LAST FRIDAY, having spent a couple of days in my adopted community of Springs (East Hampton), N.Y., and filled with Long Island pride, I resolved to stop at the Parrish Art Museum on my way back to the city. I’d been sucking up a lot of received opinion (overwhelmingly positive) since the contemporary art museum opened in its long-awaited new digs last November, and I wanted to see for myself.
I liked it, too. The museum relocated from its former cramped quarters in a Victorian brick building in the Village of Southampton to a startlingly elongated shed-like structure with a double hipped roof, set in a vineyard off Montauk Highway in Water Mill. Just looking from the outside at the 34,000-square-foot museum, designed by the Swiss firm Herzog & de Meuron, was enough to give me “museum legs” (that tired feeling you sometimes get from schlepping around looking at art), but in fact, its galleries comprise only 12,000 square feet and are so stimulating and open that it wasn’t fatiguing at all.
I found the art bracing, including the many abstract works, though my conservative preference is for local landscapes and paintings by realist Fairfield Porter and American Impressionist William Merritt Chase. The Parrish has extensive holdings of both in its permanent collection, and each has a dedicated gallery.
Howard Kanovitz’s airbrushed 1974 Hamptons Drive-In is easy enough to appreciate.
Local artist April Gornick’s 1984 Light Before Heat puts me very much in mind of my beloved Louse Point and Accobonac Harbor.
Fairfield Porter’s depiction of rural Calverton, L.I., in the 1950s.
With a pleasant cafe overlooking the grape arbors and an easy-to-swallow admission fee of $10, the Parrish is well worth the stop, coming or going.
I like it, looks like it could have been there a long time.
Down here we’d mistake if for a chicken factory without the small feed silos. There are a lot of these down here and they are actually impressive sharp vernacular shapes rising from the countryside.

“Museum legs” are related to “mall legs.” I’ve got ’em right now. Bigger museums are always exhausting mentally, physically and emotionally, just like malls.
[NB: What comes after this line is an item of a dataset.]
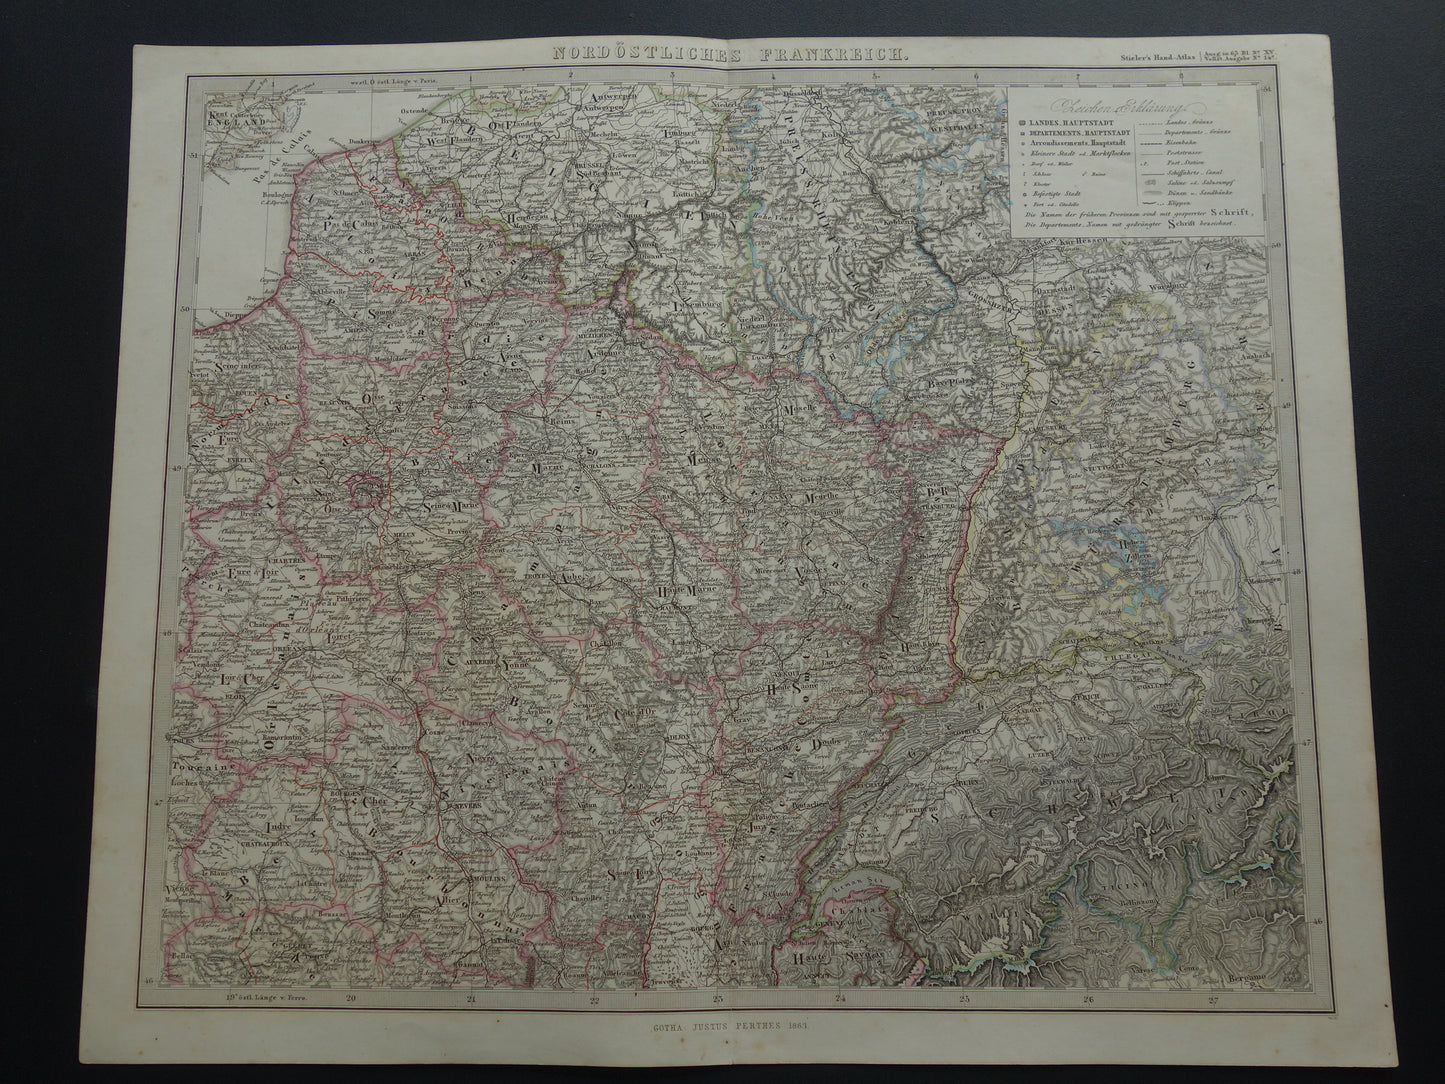 FRANKRIJK Grote oude kaart van Frankrijk 1863 originele antieke landkaart poster 74x89 cm met jaartal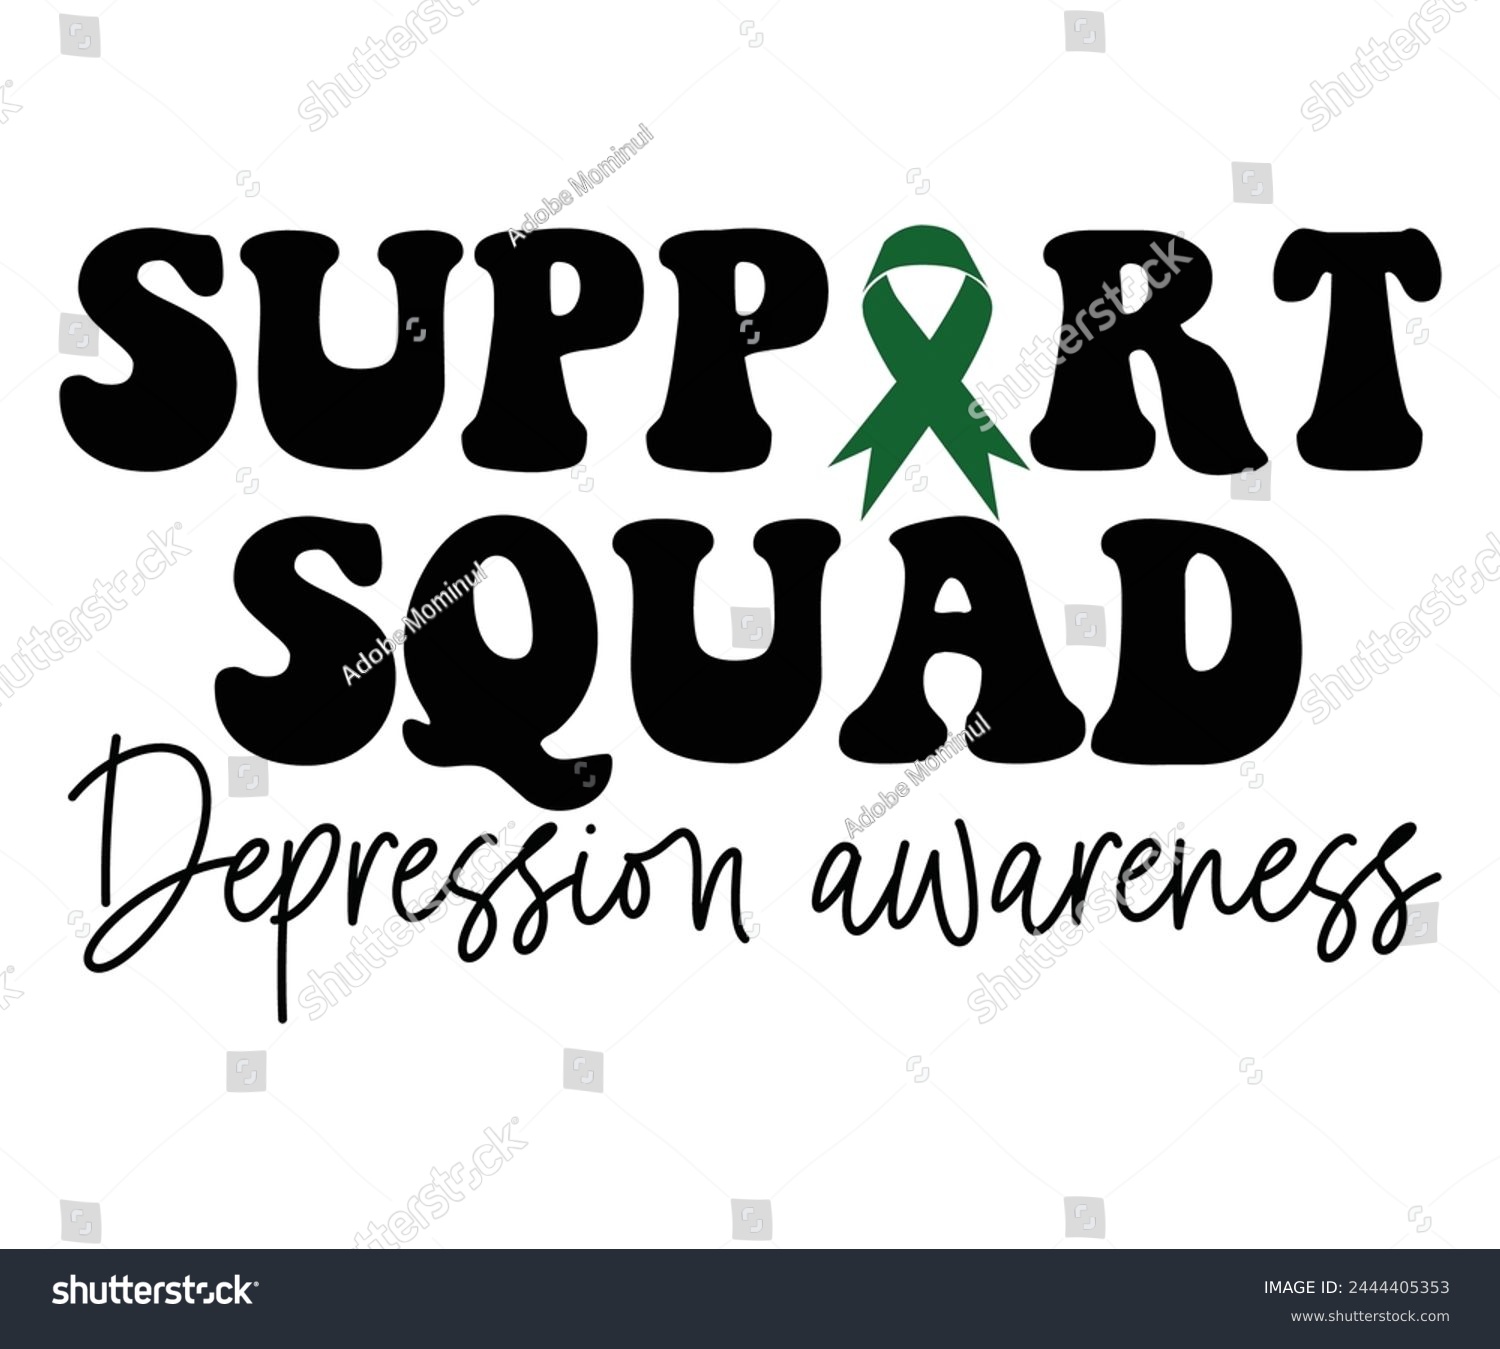 SVG of Support Squad Depression Awareness Svg,Mental Health Svg,Mental Health Awareness Svg,Anxiety Svg,Depression Svg,Funny Mental Health,Motivational Svg,Positive Svg,Cut File,Commercial Use svg

Is this Long Island new urbanism?
Hi Terry, great to hear from you :-) I see the resemblance to those chicken factories. I wonder if the fancy Swiss architecture firm was familiar with them? To answer your new urbanism question seriously (even though I don’t think you meant it in that vein), no, I don’t think so. Isn’t new urbanism an attempt to bring the positives of the city to outlying areas? This building plays on what’s left of its rural surroundings– seems quite the opposite of new urbanism. More like new ruralism.
What nice digital shots on your blog. I also admire William Merritt Chase – American Impressionist Painter paintings. Thanks for including him in your blog.